The groups $\mathrm{SL}(n) := \mathrm{SL}(n,\mathbb{C})$ and $\mathrm{GL}(n) = \mathrm{GL}(n,\mathbb{C})$ acts on $\mathbb{C}^n$ by multiplication from the left. This induces the diagonal action on $\bigotimes^M \mathbb{C}^n$. Consider two spaces:
- $A = \mathrm{HWV}^{\mathrm{GL}(n)}_{n \times k}\bigotimes^{nk} \mathbb{C}^n$ be the highest weight space of (rectangular) weight $n\times k$ with respect to the group $\mathrm{GL}(n)$.
- $B = \left(\bigotimes^{nk}\mathbb{C}^n\right)^{\mathrm{SL}(n)}$ be the space of $SL(n)$-invariants in the tensor space.
How to prove that $A = B$?
I know constructive proof using Schur-Weyl duality (for both groups). This envolves construction of a spanning sets for each space $A$ and $B$. These spanning sets coincide so the proof follows.
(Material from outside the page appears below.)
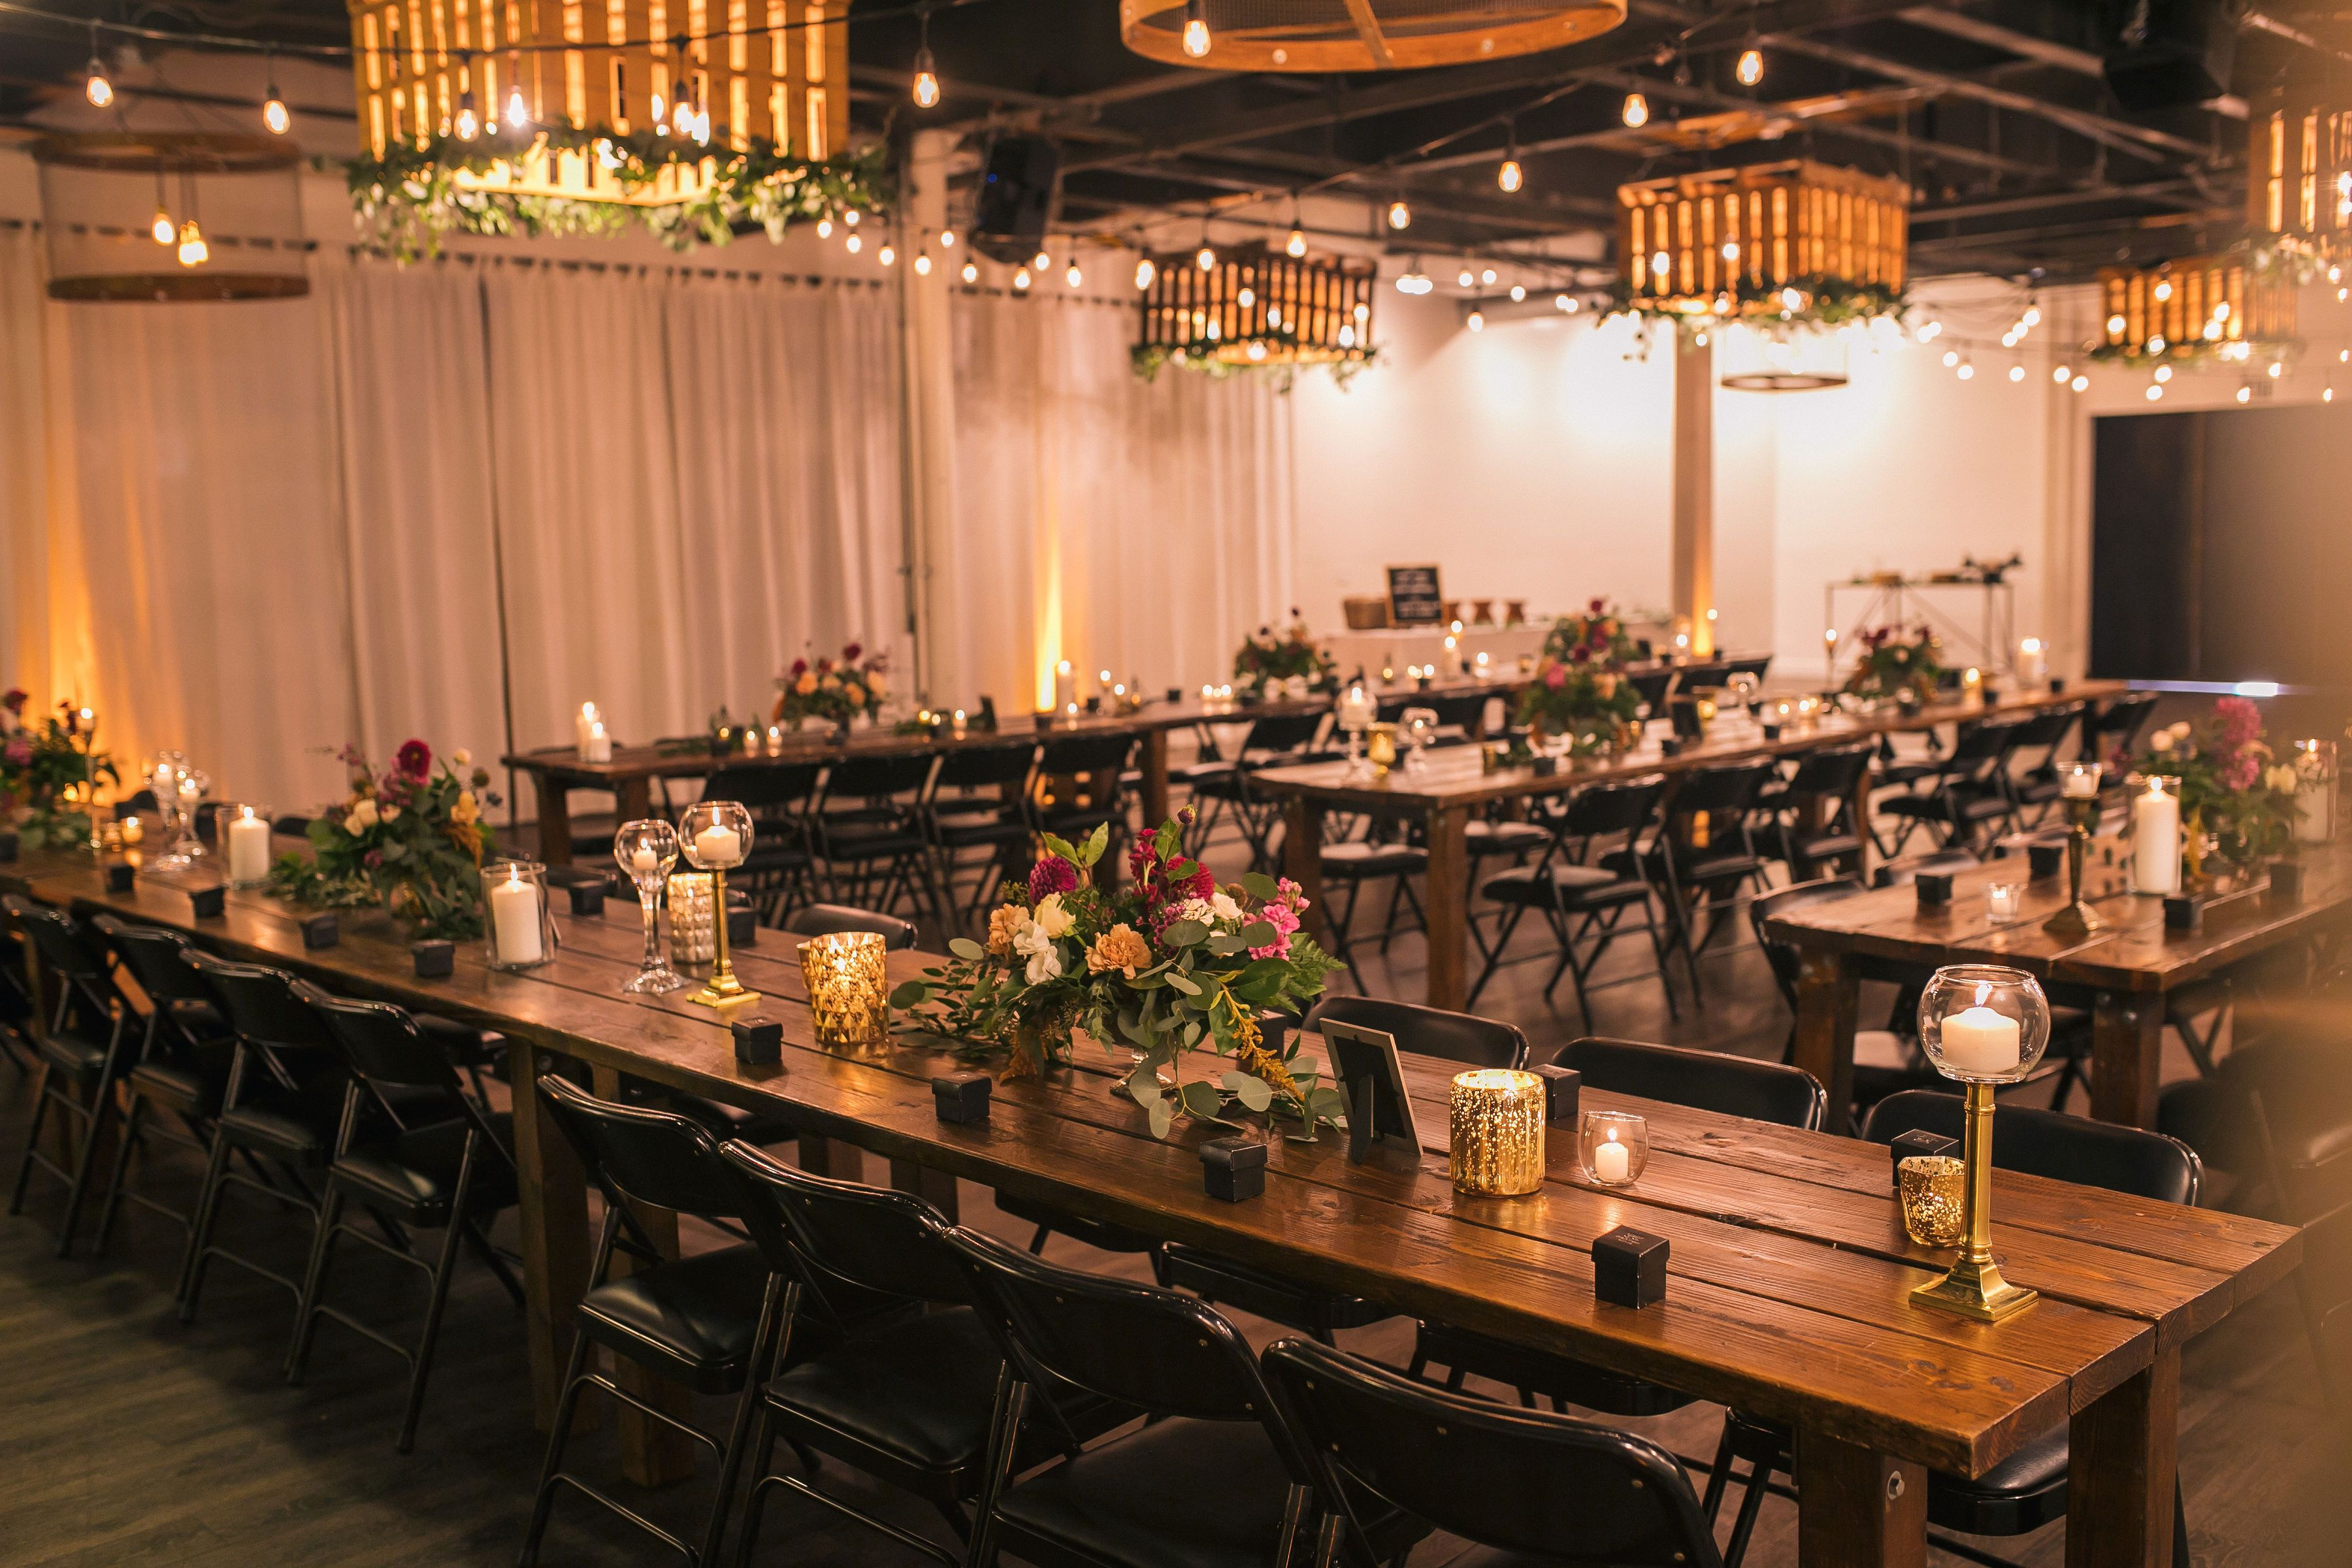 Farm Tables And More San Diego Table Rentals San Diego Wedding Rentals Southern California Wedding Rustic Table Decor Wedding Table Decorations Farm Table

But this proof is somewhat indirect and therefore unsatisfactory.
$SL(n)$ is normal in $GL(n)$ so an irreducible $GL(n)$ representation contains an $SL(n)$-invariant vector iff the whole thing is $SL(n)$-invariant and the representation factors through the determinant map $GL(n) \to GL(n) / SL(n) \cong \mathbb{C}^*$. Irreducible (holomorphic) representations of $\mathbb{C}^*$ are just powers of the standard one, so irreducible representations of $GL(n)$ with $SL(n)$ invariants are just powers of the determinant -- which in terms of weights are exactly these $n \times k$ rectangular ones.